Chaplains come with the primary focus on the family in order to support anyone present who may be with the patient and with a secondary concern for our care providers. Watching trauma unfold is its own participation in trauma.
Participating in trauma does things to people. It anchors you and disrupts you. Both happen. In a trauma, someone else’s and your own, the world that you knew flips.
Time changes. People move quickly and they don’t move quickly enough. The room is noisy and the floor cluttered with needle caps and clothes and ripped packages that once held tubes and lines and other medical implements.
It is an essentially upsetting, unsettling, and uprooting experience. Have you experienced something like this? Perhaps not a medical crisis but another version of trauma? What’s helped?

My Blog: Trauma 1
In our hospital when a trauma happens, a page is sent through the system to a team.
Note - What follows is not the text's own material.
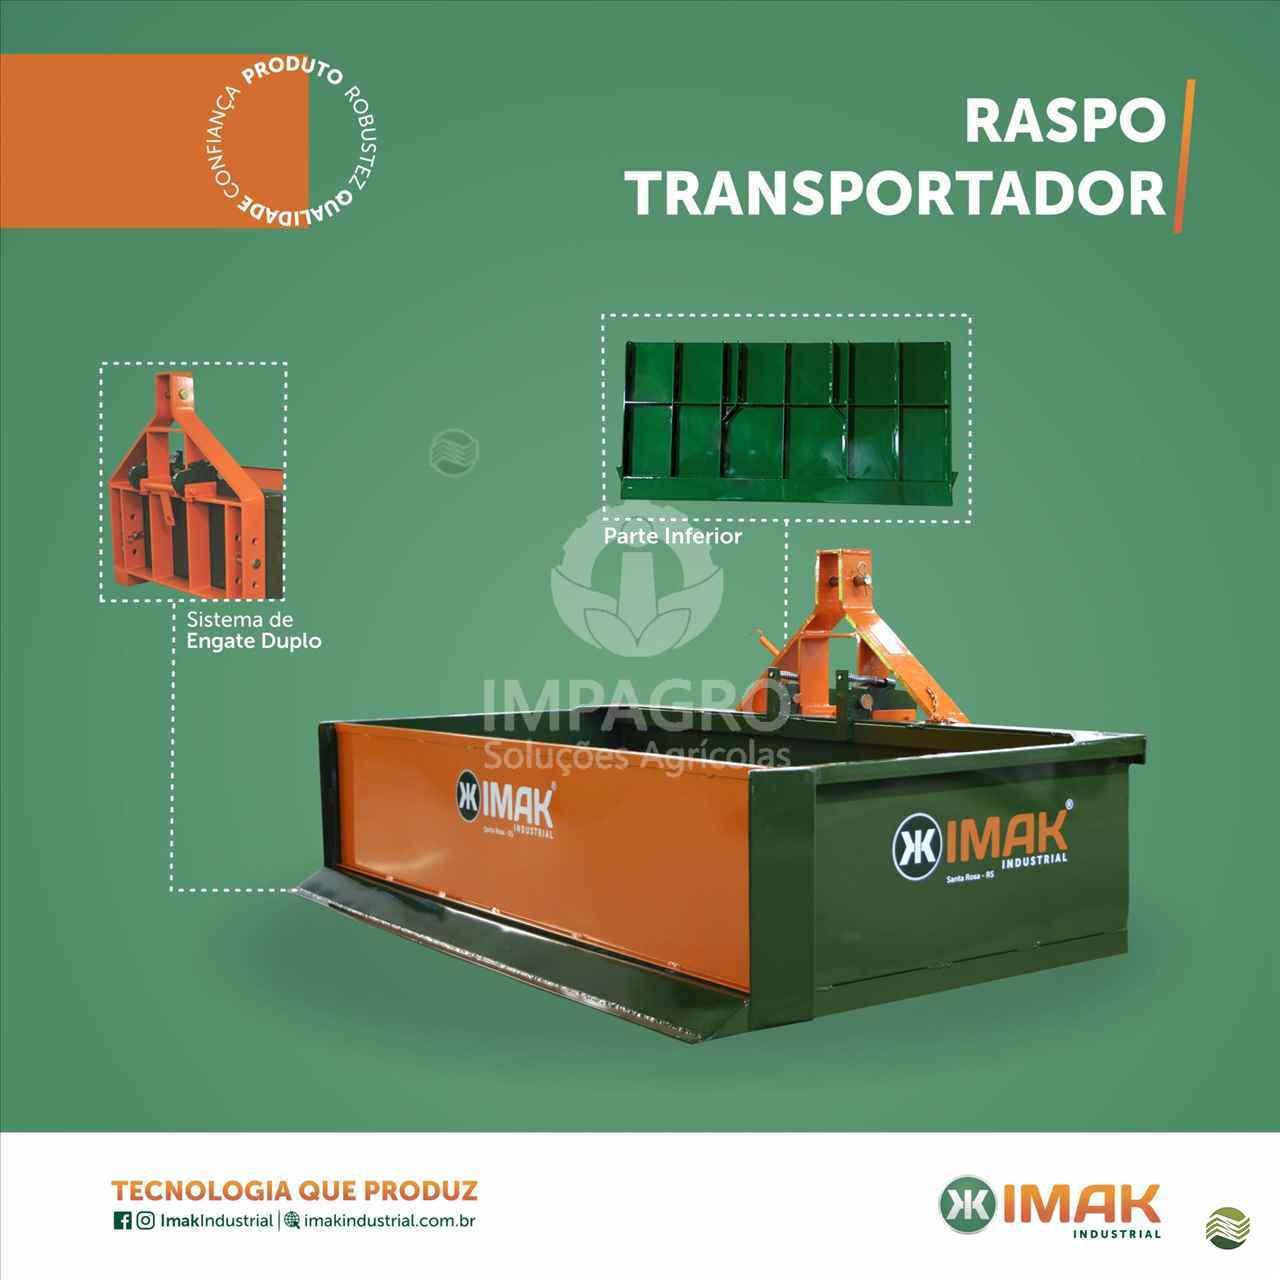 IMPLEMENTOS AGRICOLAS PLATAFORMA PARA TRATOR BASCULANTE RASPADEIRA Impagro Soluções Agrícolas AJURICABA RIO GRANDE DO SUL RS

Chaplains are part of the rapid response team so our on-call chaplain gets the page and responds within 5-10 minutes to the scene. The same team responds to cardiac arrests and visitors who fall unconscious unexpectedly on the campus.
Because our hospital campus includes several buildings over several city blocks, it can take time to arrive to a trauma. It may take effort to leave a conversation that you’re in as a spiritual caregiver, for instance. A doctor may need to leave a patient’s room immediately. A nurse may need to grab a crisis cart and place some things in the hands of a colleague.
Some trauma calls turn out to be seizures, relatively bland events for the amount of resources “coming at a person” when the page is called. Still, being a part of a rapid response assumes a readiness to encounter the worst. It assumes that we’re prepared to stick around and labor through what’s next.
A family who’s grieving demonstrably. A patient who is unaccompanied and whose chest is being pumped, whose ribs are being broken. Being there assumes that we’ll see and that’ll we’ll do our work. That we’ll be steady.
It is its own walk of faith, responding to those traumas. You know and don’t know what you’ll see. Being steady is a hard job when pain is winning. How do you keep yourself steady? How do you see the traumas unfold and still show up?